Bewertet am 8.1.2019
Qualys the best vulnerability scanner
Héctor joel B.
Kommentare: Based on the experience I have with Qualys, it is very impressive to capture the vulnerabilities, this compiles a complete report of the risks that your infrastructure has, in addition the patches have very precise information that allows you to carry out the remediation very effectively. The analyzes are detailed and very complete, it works very well to carry out the compliance stages of PCI, CIS, etc... Providing a great guarantee that periodically your organization has an armored infrastructure.
Vorteile: In the firts instance we could see its operation inside a beast and we were amazed, its different configurations to make scans allows to obtain much more complete results than other programs. Qualys as a pentesting tool allows you to analyze those areas of greatest risk within your organization to remedy them. The ability to perform scans for a particular plugin is one of the features that other software should envy to Qualys. Your reports have a very detailed information that allows you to quickly identify vulnerabilities.
Nachteile: I have no negative comments, it has worked very well in the company and with our allies.
Bewertet am 28.1.2019
Nice tool for Vulnerability Management.
Kommentare: Overall We are happy, Web interface is very interactive and training are awesome.
Vorteile: Easy to implement, enabling sensors are not much techie.
Nachteile: Sometime handling false positive detection are really a tough task.
Bewertet am 5.3.2019
Useful Vulnerabilty Management option
Vorteile: Detailed explanations and possible resolutions for vulnerabilities that are detected by the Cloud Agents.
Nachteile: I have used other solutions as well on the same machines and they seem to detect quite a few different vulnerabilities, it seems neither give a rather complete list, so it's a good idea to use multiple solutions from different vendors with a different focus to get a clear insight in the ones that are classified as higher risks.
Bewertet am 6.2.2019
Kommentare: They need to make the product better .. Focus ion ease of use. Get a focus group going.
Vorteile: Agent deployment is simple. The software offers much if configured right. I dislike the add on services model.
False positives. If a later software update rectifies an older vulnerability then there is no need to show asset is vulnerable.
Vuln that shows up in Asset View is different in Vuln View.. Why?
Salesperson quit after the sale which sucked. Replacement helped but was not focused on us.
Bewertet am 21.11.2018
Vorteile: Works well and is a trusted source. Their scanning engine gives you some level organization independence (not entirely).
Nachteile: It is expensive, and you have to open up your organization to their IP's or put an in-house relay server.
Bewertet am 21.7.2018
Lots of promises, great marketing. Real quality rather low. Decided to find something better.
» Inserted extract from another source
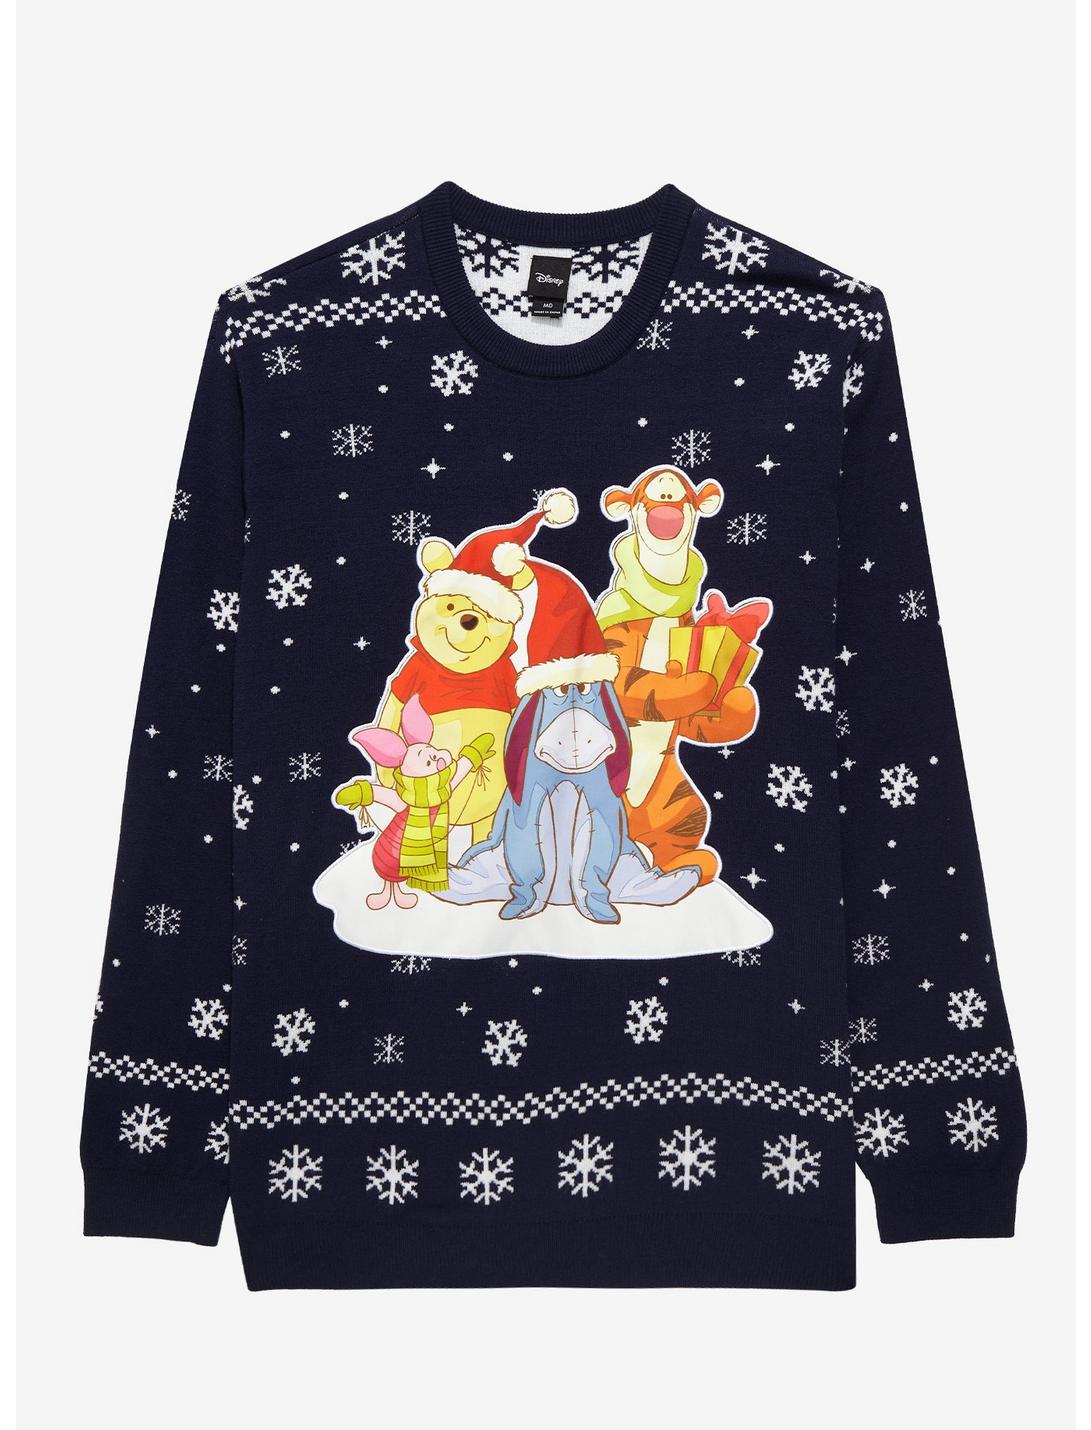 Disney Winnie the Pooh Pooh & Friends Holiday Sweater, NAVY, hi-res

Kommentare: That was my first contact with vulnerability management. Perhaps it's a good software for start or for small companies. I was able to recognize my needs and it helped a lot to find a professional solution.
Vorteile: Lots of features, agent available, flexible pricing. Software as a service, so you don't need any infrastructure.
Nachteile: Useless unprofessional support, unable to solve any of my issues. They were closing unresolved issues. Lot of false positives. Support couldn't solve them, I got promises that it will be fixed in next release. Awful and unreliable reporting (errors on dashboards etc.). Very expensive. They're not using real cloud but couple of concentrators in different regions. Not useful for global customers. They promise they don't have access to customer data, but they request that to solve problems.
Bewertet am 24.8.2018
Incompetent badly supported rubbish.
Vorteile: Nothing - I hate it.
Their ridiculous false positives - apparently it's a critical incompliance that certain options aren't set in the gdm config file /etc/gdm.conf.
Fair enough - if gdm was installed. A simple check that the file exists first would eliminate this and (of our 80+ compliance errors) most others. Complaining about mount options on non-existent filesystems, or that /etc/gshadow didn't match a regex - or did, I'm not sure from the report. The file has mode 0000 (so no permissions set at all).
The fix was to chown root:root /etc/gshadow* Trust these amateurs at your own risk. If they are as incompetent as this, what are they missing?